Word Medicine

Writing and Healing: exploring the art of healing and the healing of art

Longing for the Light December 9, 2011

In the choir room, we practice our Christmas hymns.  “Let thy bright beams disperse the gloom of sin, Our nature all shall feel eternal day, In fellowship with thee, transforming day to souls erewhile unclean…”  The longing in the hymns for the coming of Emmanuel, for the coming of light into our darkness, never fails to move me.  More now, than in the simple faith of my childhood.  Because now I know how dark our darkness can be.

In the paper yesterday, the headlines included the death of a seven-year old Hispanic child, who had been raped, beaten and stabbed to death as she returned to her apartment from the apartment playground.  The younger two children were taken from the traumatized mother  because she was under suspicion of neglegting her child by allowing her to play in the complex playground.  I also read about the certain pain my daughter’s beloved friend endured when she was murdered at UNC, taken from her home where she was studying, and shot.  I heard about the troubled homes of the children my son goes to school with, one father so drunk he couldn’t pick up his child who was suspended from school for selling drugs and alcohol. A dear friend is still looking for work two years after being laid off.   She has to choose between food and medicine.  It is hard if not impossible to keep from giving up oneself to whole-hearted despair, or cynicism.

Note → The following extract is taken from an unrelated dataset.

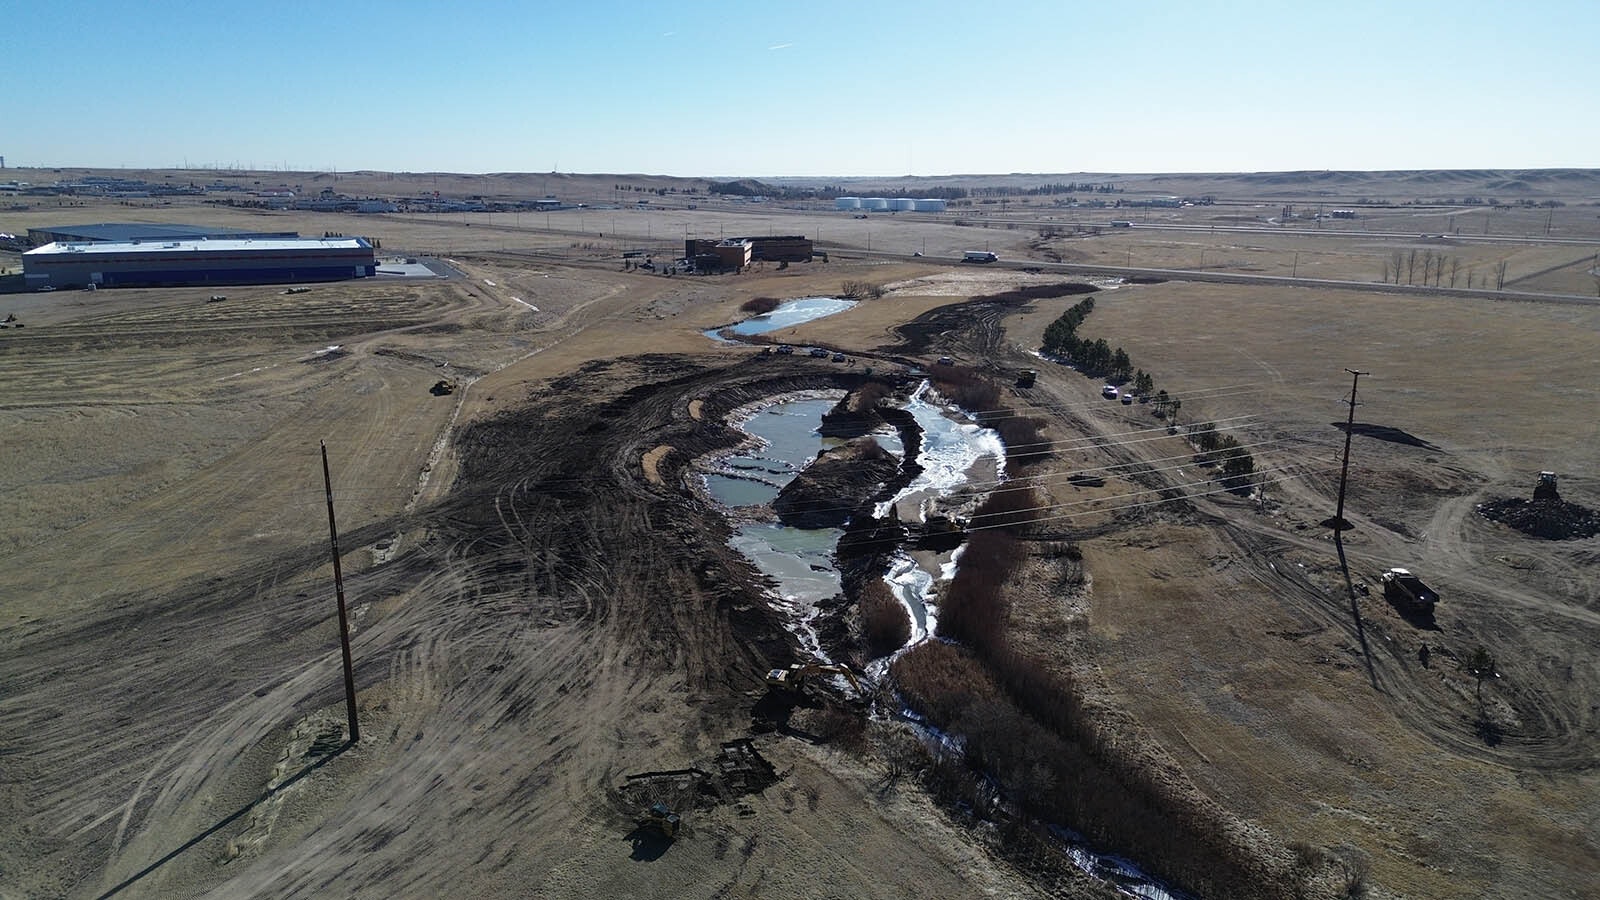 This view, looking southeast and downstream on Dry Creek, shows the extent of a fishing pond project on the Cheyenne Business Parkway. The Eagle Claw fishing gear factory is visible on the left.
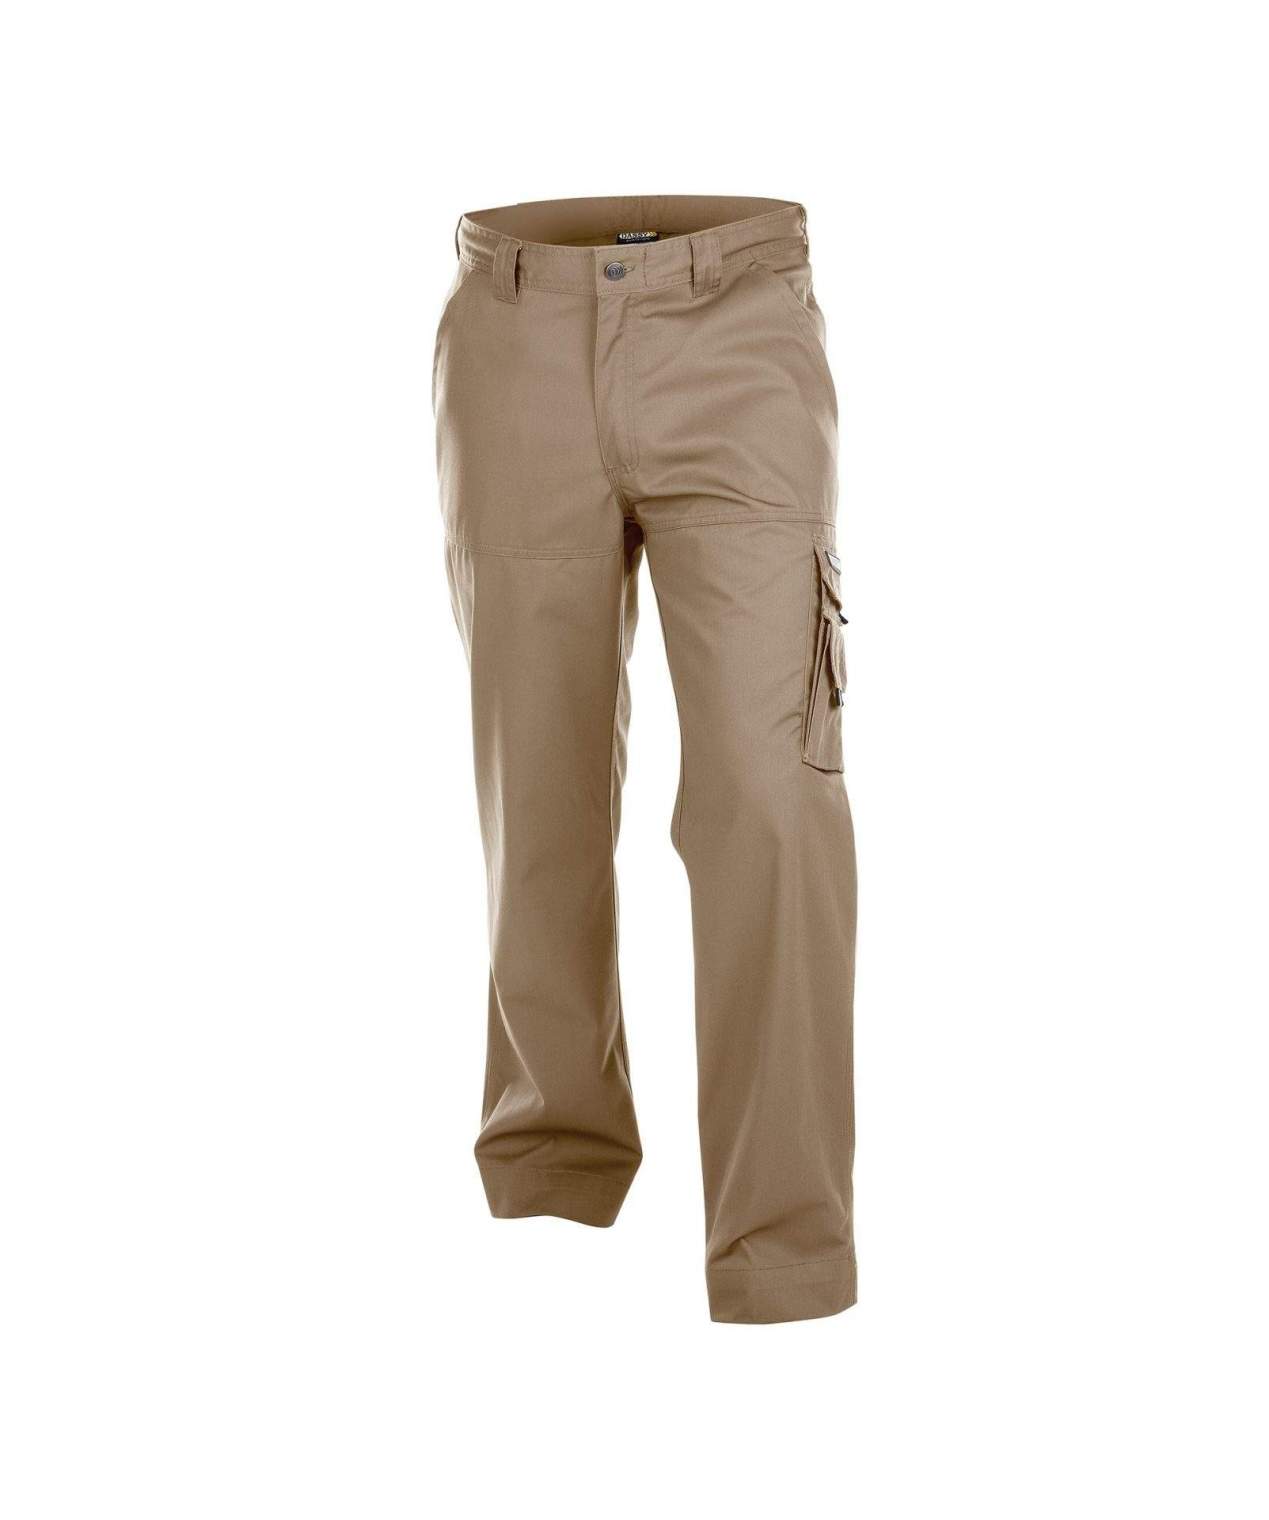 liverpool work trousers beige front

What can we do? How can we live?  our hearts ask us.

Christmas is for children, we think.  For the rest of us, it might be a respite or chance to “get” whatever the latest gadget might be, the one that promises to transform our life.  It might be precious time with overworked family members.  We keep our expectations modest.  And if the yearning for that elusive something rears up in us, we dismiss it as childish nonsense.  We are realists, we are adults, after all.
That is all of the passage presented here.